Me with a hole in my back where my father had cut the precious mark out, the boy, and on the other side of him, a girl who I still desperately wanted to be my friend. Who now stood straight and tall in a yellow dress so old she looked like she had been pulled out of painting. A girl who, only months ago, would have cowered in nerves. Now, she only stood straight and tall with a confidence I hadn’t seen from her before.
She really had been born for this.
I never could have guessed, from the girl I knew all that time ago, that she had this in her. That she could find this.

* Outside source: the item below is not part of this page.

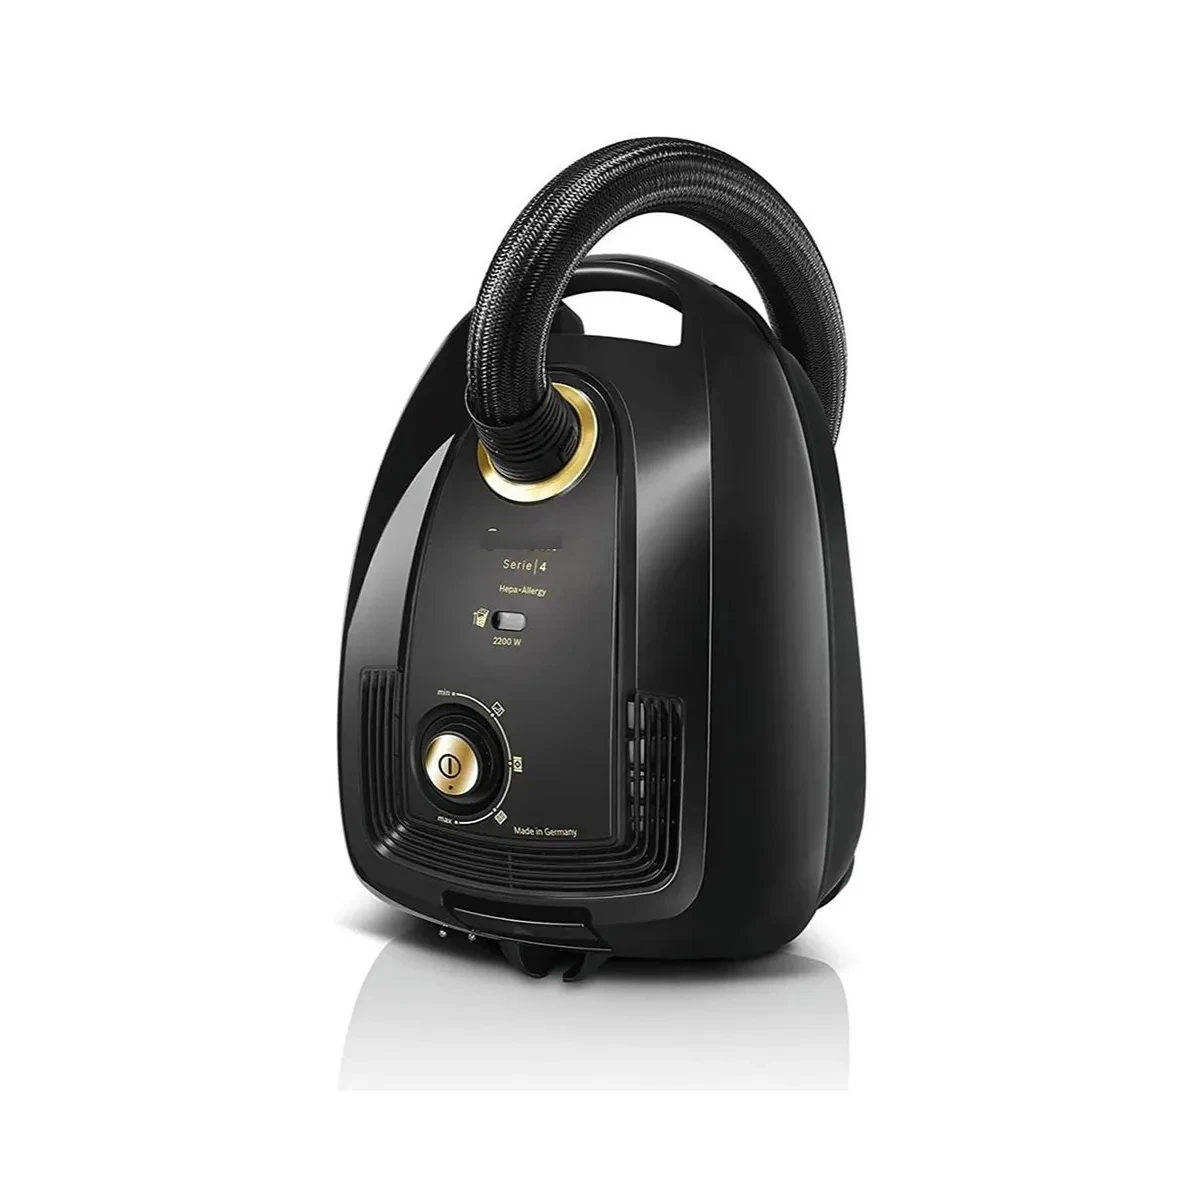 Bosch Bagged vacuum cleaner, Black - 2200 Watt

I could tell by looking at her, so could everyone else.
They kept glancing toward her with a revered awe that she only seemed to absorb further. The hope and joy on their faces grew with each moment we stood in the silent space, the eager anticipation devouring the haggard, gaunt fear that had riddled them.
I was certain I looked the same.
I could feel the same emptiness linger through me as I stood amongst them, the awe from the Siln? blending with the uncertainty of the child that stood beside us.
It was good and bad, both sides of the battle they had fought for centuries, standing side by side. A fact that was probably made more obvious given my uncanny likeness to my father.